Mapping percent by race

# White
names(by_dept_percent)[names(by_dept_percent) == 'Law.Enforcement.Agency'] <- 'id'


percent_map <- left_join(townborders, by_dept_percent)

## Joining by: "id"

tm_ct <- ggplot() +
  geom_polygon(data = percent_map, aes(x=long, y=lat, group=group, fill=White), color = "black", size=0.2) +
  geom_polygon(data = percent_map, aes(x=long, y=lat, group=group, fill=White), color = "black", size=0.2) +
  coord_map() +
  scale_fill_distiller(type="seq", trans="reverse", palette = "Reds", breaks=pretty_breaks(n=10)) +
  theme_nothing(legend=TRUE) +
  labs(title="Percent of white suspects tased", fill="")

print(tm_ct)

# Black

tm_ct <- ggplot() +
  geom_polygon(data = percent_map, aes(x=long, y=lat, group=group, fill=Black), color = "black", size=0.2) +
  geom_polygon(data = percent_map, aes(x=long, y=lat, group=group, fill=Black), color = "black", size=0.2) +
  coord_map() +
  scale_fill_distiller(type="seq", trans="reverse", palette = "Reds", breaks=pretty_breaks(n=10)) +
  theme_nothing(legend=TRUE) +
  labs(title="Percent of Black suspects tased", fill="")

print(tm_ct)

# Hispanic
tm_ct <- ggplot() +
  geom_polygon(data = percent_map, aes(x=long, y=lat, group=group, fill=Hispanic), color = "black", size=0.2) +
  geom_polygon(data = percent_map, aes(x=long, y=lat, group=group, fill=Hispanic), color = "black", size=0.2) +
  coord_map() +
  scale_fill_distiller(type="seq", trans="reverse", palette = "Reds", breaks=pretty_breaks(n=10)) +
  theme_nothing(legend=TRUE) +
  labs(title="Percent of Hispanic suspects tased", fill="")

print(tm_ct)

Gender breakdown

gender <- stuns %>%
  group_by(Sex) %>%
  summarise(Count=n()) %>%
  mutate(Percent=round(Count/sum(Count)*100,2))

kable(gender)

Sex	Count	Percent
Female	37	6.07
Male	573	93.93

Median age

# Median age

median(as.numeric(stuns$Age), na.rm=T)

## [1] 32

Age distribution

stuns$Age <- as.numeric(stuns$Age)

# Age distribution
ggplot(stuns, aes(Age)) + geom_histogram(binwidth=1)

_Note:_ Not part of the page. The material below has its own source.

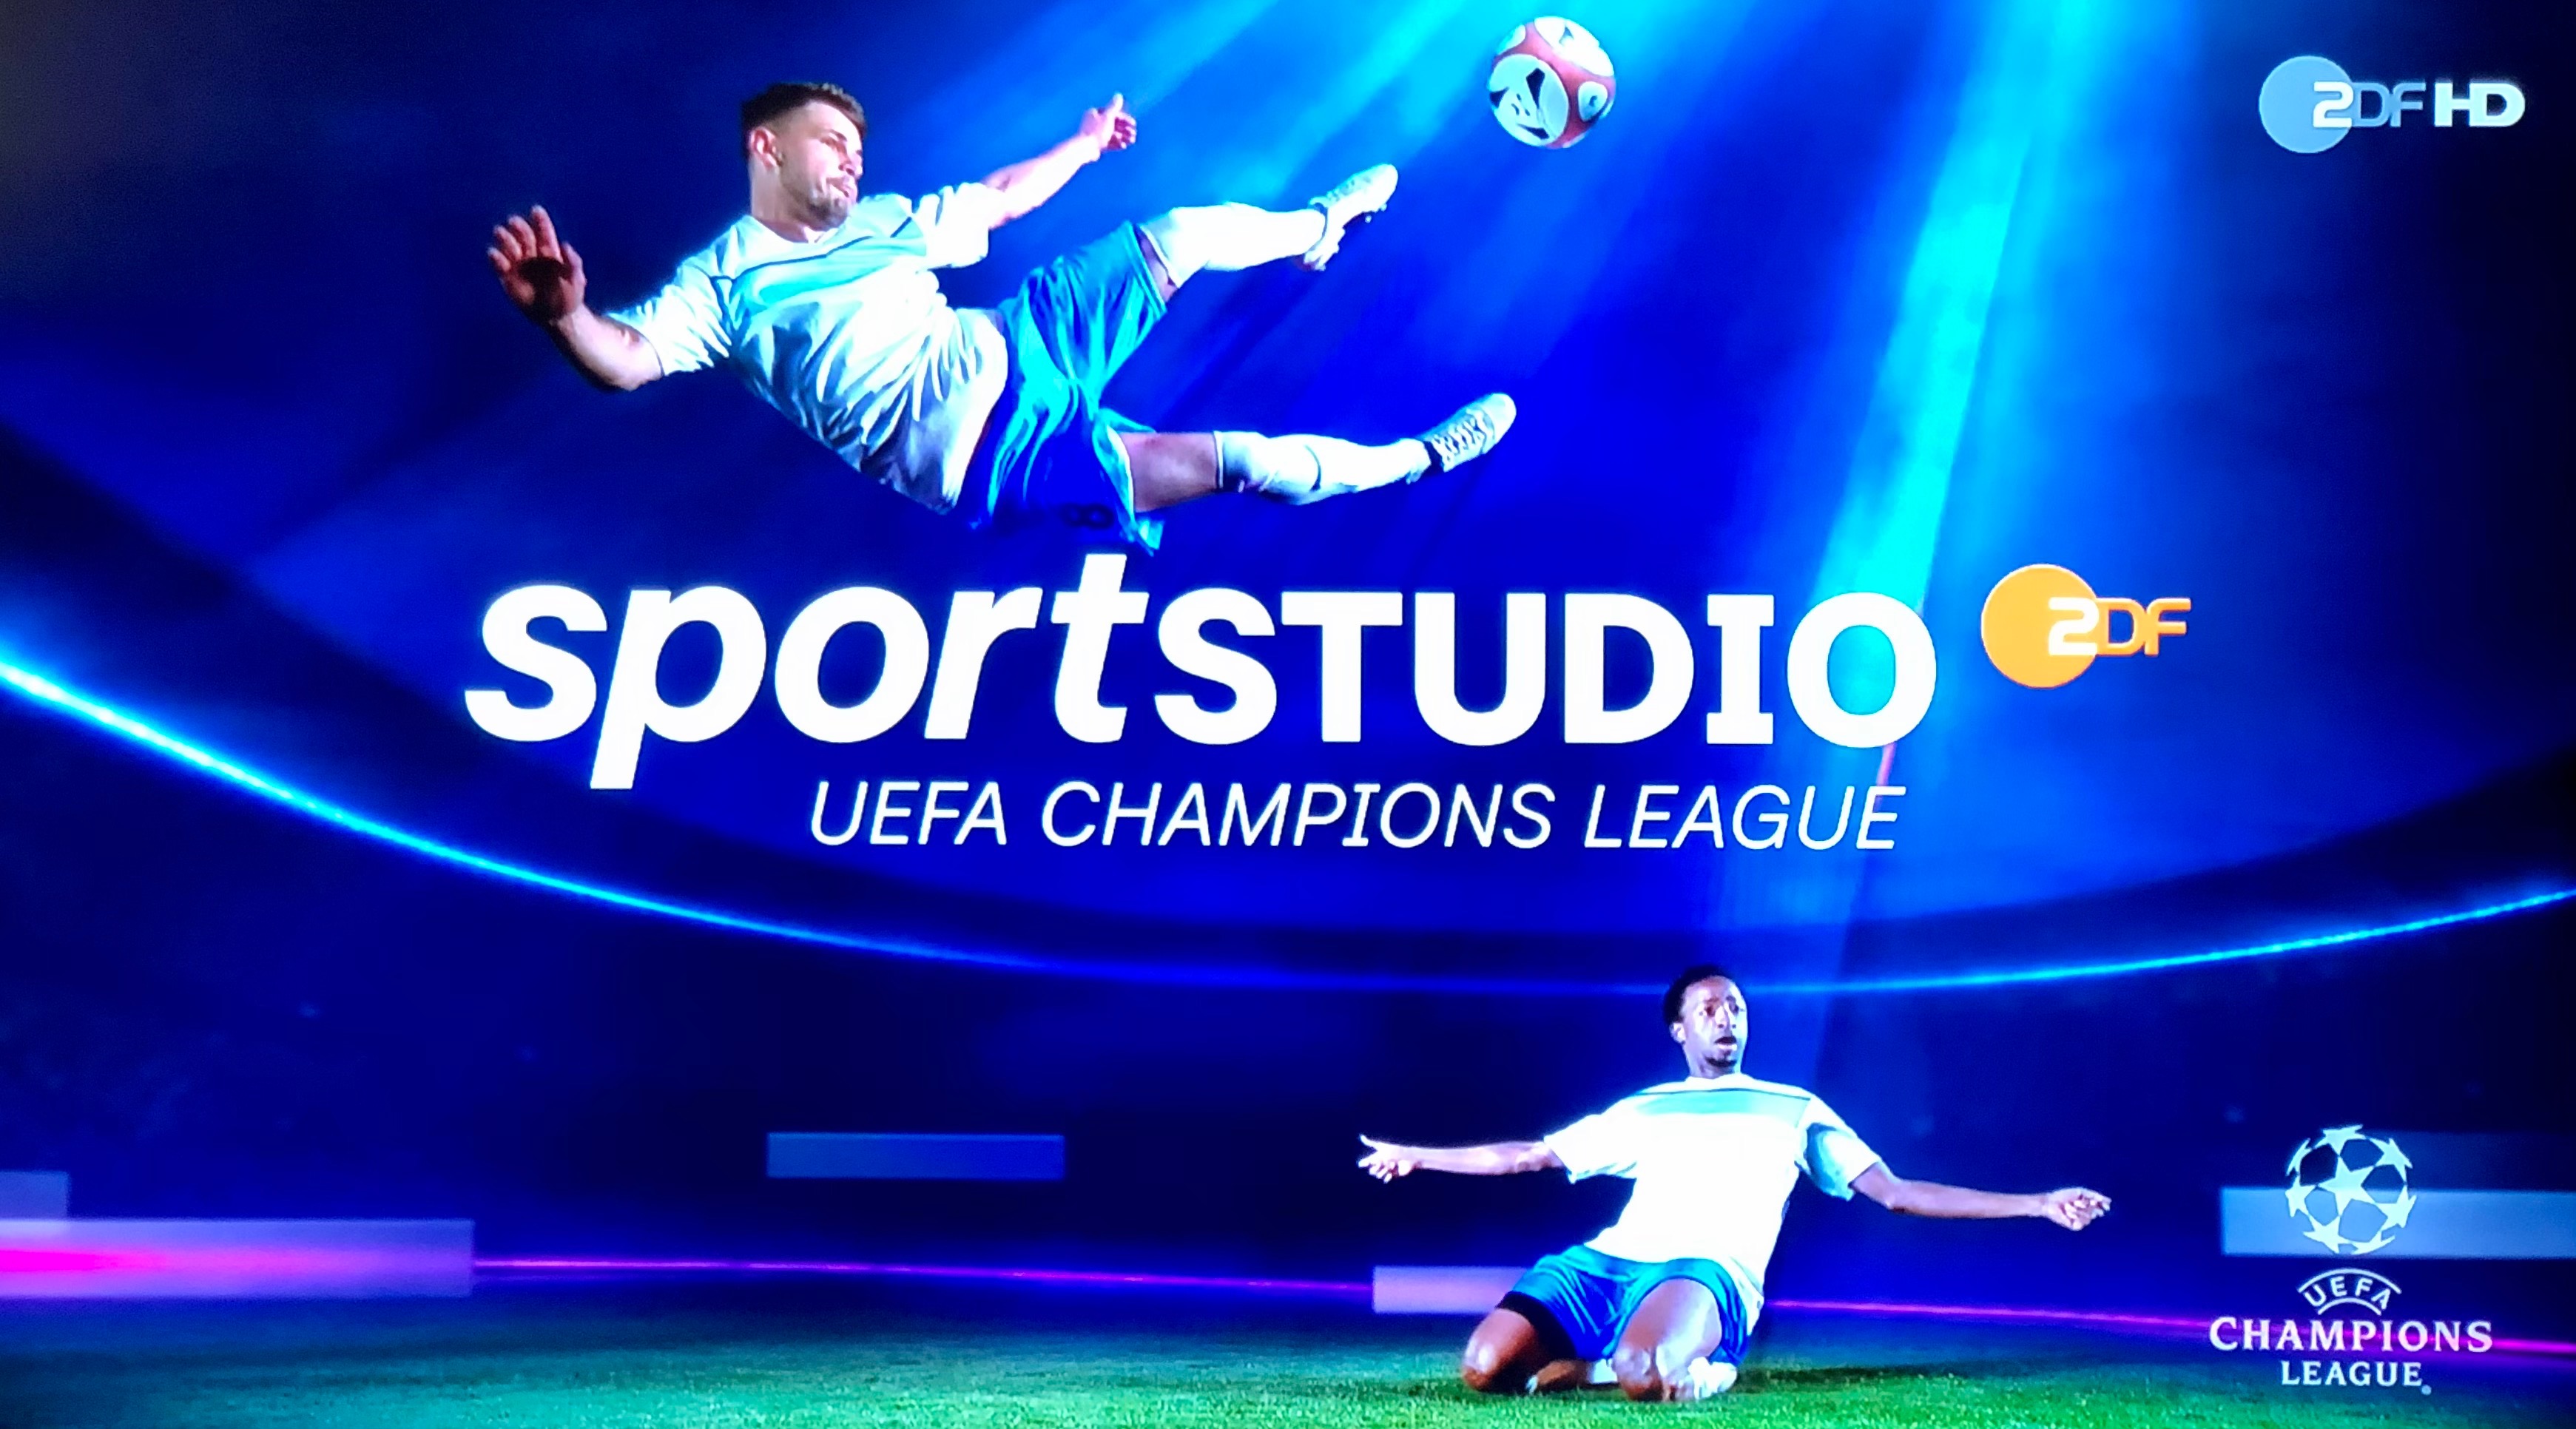 Medienkorrespondenz ZDF berichtet seit dieser Saison wieder über die Fußball-Champions-League

## Warning: Removed 6 rows containing non-finite values (stat_bin).

ggplot(stuns, aes(Age)) + geom_histogram(binwidth=10)

## Warning: Removed 6 rows containing non-finite values (stat_bin).

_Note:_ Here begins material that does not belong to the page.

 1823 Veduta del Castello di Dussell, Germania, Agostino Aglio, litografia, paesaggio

stuns3 <- subset(stuns, Age < 100)
stuns3 <- subset(stuns3, race_ethnicity!="Asian")
stuns3 <- subset(stuns3, race_ethnicity!="Unknown")

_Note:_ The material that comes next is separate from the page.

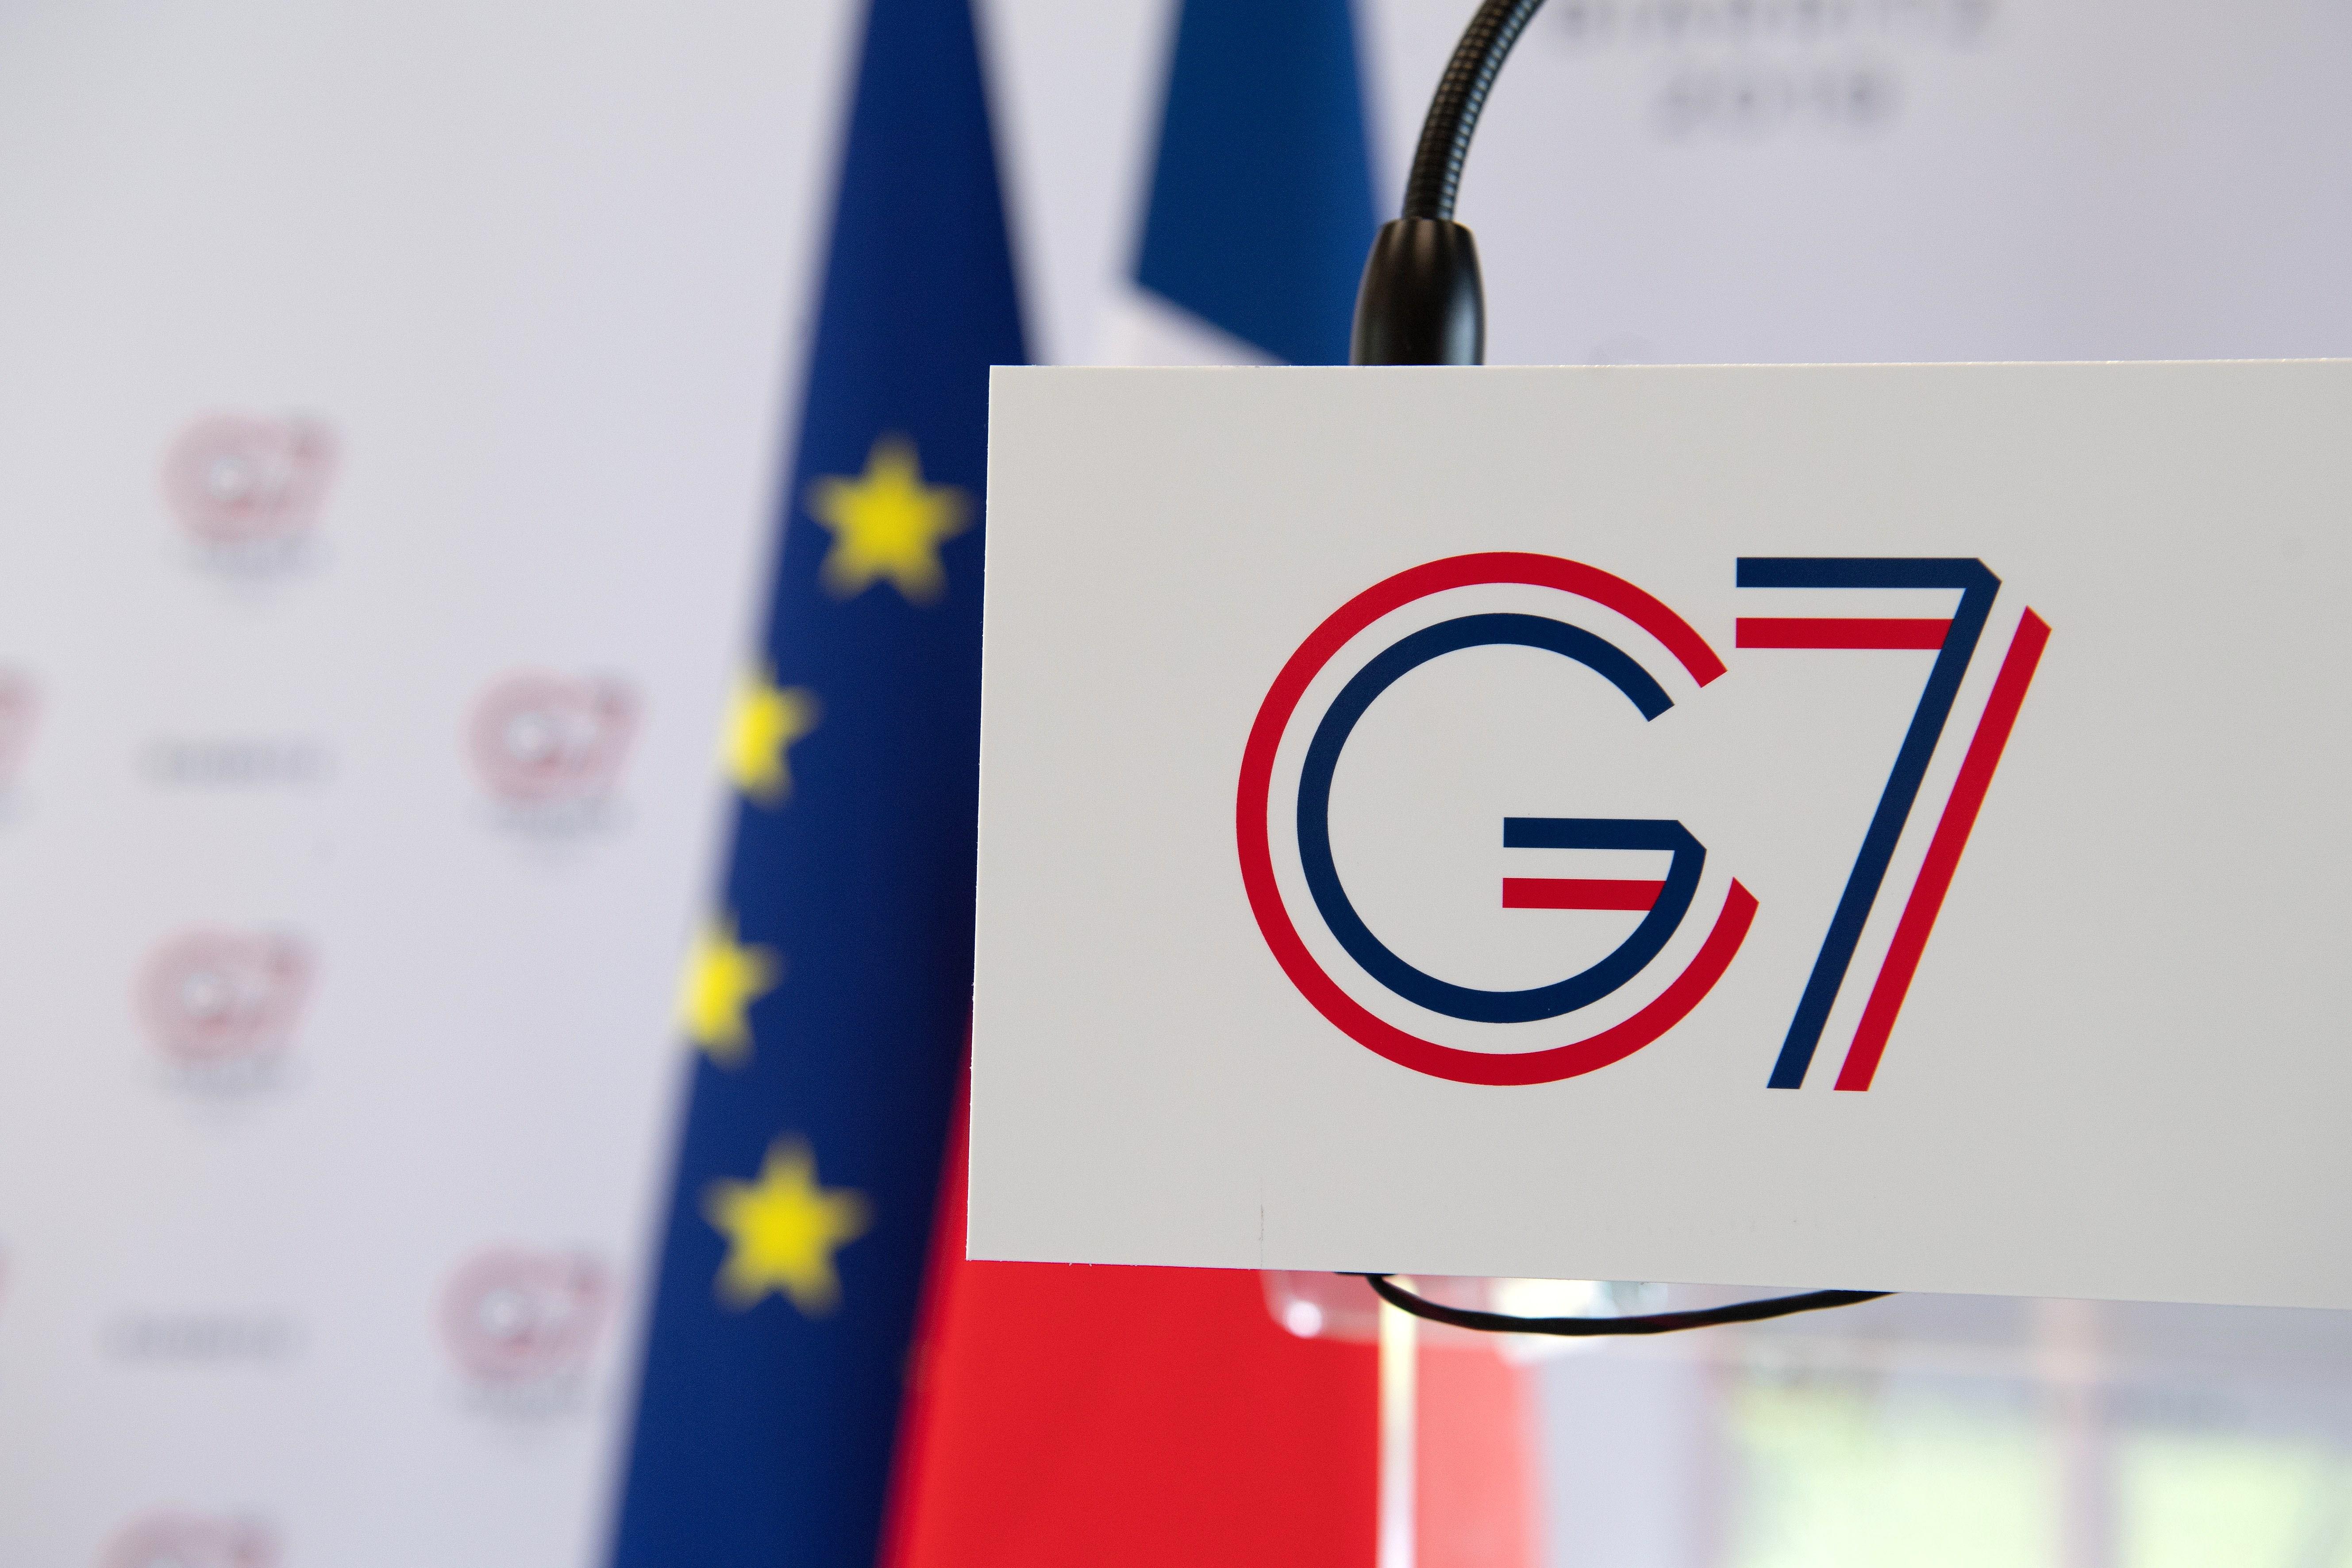 Compte enrere per a la cimera (i la contracimera) del G7 a Biarritz

gg <- ggplot(stuns3, aes(Age)) + geom_histogram(fill="#bf6151", binwidth=2) + facet_grid(race_ethnicity ~ .)
gg <- gg + labs(x="Age", y="Stuns deployed", title="Distribution of stuns by age",
                subtitle="",
                caption="SOURCE: CCSU Institute for Municipal and Regional Policy Management \nAndrew Ba Tran/TrendCT.org")
gg <- gg + theme_bw(base_family="Calibri")
gg <- gg + theme(text = element_text(size=20))
#gg <- gg + theme(panel.grid.major=element_blank())
#gg <- gg + theme(panel.grid.minor=element_blank())
gg <- gg + theme(panel.border=element_blank())
gg <- gg + theme(text = element_text(size=20))
#gg <- gg + theme(axis.ticks=element_blank())
gg <- gg +  theme(legend.position = "none")
#gg <- gg + theme(axis.text.x=element_blank())
gg <- gg + theme(plot.title=element_text(face="bold", family="Lato Black", size=22))
gg <- gg + theme(plot.subtitle=element_text(face="italic", size=15, margin=margin(b=12)))
gg <- gg + theme(plot.caption=element_text(size=12, margin=margin(t=12), color="#7a7d7e"))
gg

Where does this happen?

locations <- stuns %>%
  group_by(Location.Environment) %>%
  summarise(count=n()) %>%
  mutate(percent=round(count/sum(count)*100,2))

kable(locations)

Location.Environment	count	percent
Commercial Establishment	20	3.28
Educational Facility	7	1.15
Indoors-Private Property	16	2.62
Indoors-Public Building	44	7.21
Other Residence	31	5.08
Outdoors-Private Property	76	12.46
Outdoors-Public Area	241	39.51
Subject’s Residence	172	28.20
NA	3	0.49

gg <- ggplot(stuns3, aes(Location.Environment)) + facet_grid(race_ethnicity ~.) + geom_bar(fill="#bf6151") + coord_flip()
gg <- gg + labs(x=NULL, y="Stuns deployed", title="Distribution of stuns by location",
                subtitle="",
                caption="SOURCE: CCSU Institute for Municipal and Regional Policy Management \nAndrew Ba Tran/TrendCT.org")
gg <- gg + theme_bw(base_family="Calibri")
gg <- gg + theme(text = element_text(size=20))
#gg <- gg + theme(panel.grid.major=element_blank())
#gg <- gg + theme(panel.grid.minor=element_blank())
gg <- gg + theme(panel.border=element_blank())
gg <- gg + theme(text = element_text(size=20))
#gg <- gg + theme(axis.ticks=element_blank())
gg <- gg +  theme(legend.position = "none")
#gg <- gg + theme(axis.text.x=element_blank())
gg <- gg + theme(plot.title=element_text(face="bold", family="Lato Black", size=22, hjust=-1.1))
gg <- gg + theme(plot.subtitle=element_text(face="italic", size=15, margin=margin(b=12)))
gg <- gg + theme(plot.caption=element_text(size=12, margin=margin(t=12), color="#7a7d7e"))
gg

## Warning: Removed 3 rows containing non-finite values (stat_count).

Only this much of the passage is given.